Every evening from Monday through Thursday, middle school boys gather around a table to have dinner with Y-CAP staff. They’ve done their homework and probably played basketball, and later they’ll dig in to an activity of their choice. For most, this is as close as they get to a structured home life.
“We’ve found that these young men are really looking for three things,” said Andy Smith, regional executive director. “They want structure, something to believe in, and someone to believe in them.”
Y-CAP participants at the Central Avenue location can choose from woodworking, gardening, cooking, and its most well-known activity, boxing. In each activity, students learn practical skills all while spending time with a male mentor. Andy says the impact of fatherlessness is apparent every day.
“Ninety-eight percent of our participants come from fatherless homes,” he said.
Andy’s passion to mentor young men came from his own upbringing. His parents fostered as many as 30 teenagers as he was growing up. To him, the table at Y-CAP isn’t so different from his family’s.

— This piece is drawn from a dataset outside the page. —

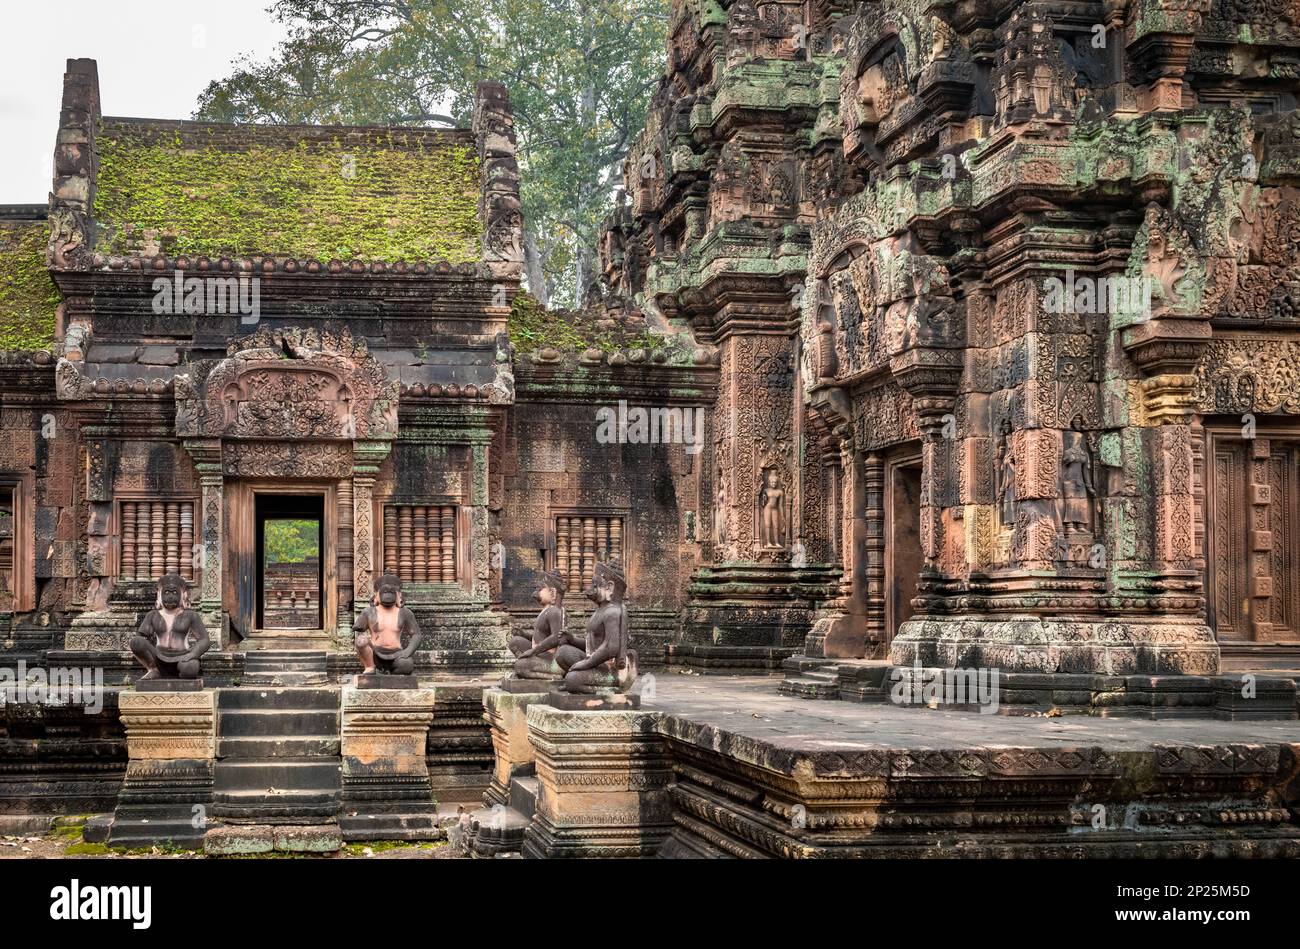 The inner compund of the elaborate 10th century Banteay Srey temple within the Angkor area near Siem Reap in Cambodia. Stock Photo

“The community at Y-CAP is strong; it’s something we intentionally create,” Andy said. “Sometimes, after a student graduates our program, we get bad behavior reports from the school. We find out they miss the Y-CAP community and they want to come back.”
Y-CAP seeks to replicate their effective programs beyond downtown Chattanooga. Plans are being made for an Ooltewah location and potentially others.
“The need exists for us to be in every neighborhood,” Andy said. “The more we can involve kids in positive activities, the better our city will become. The problems affecting these young men will have a domino effect to the whole community, but we have the opportunity to change that.”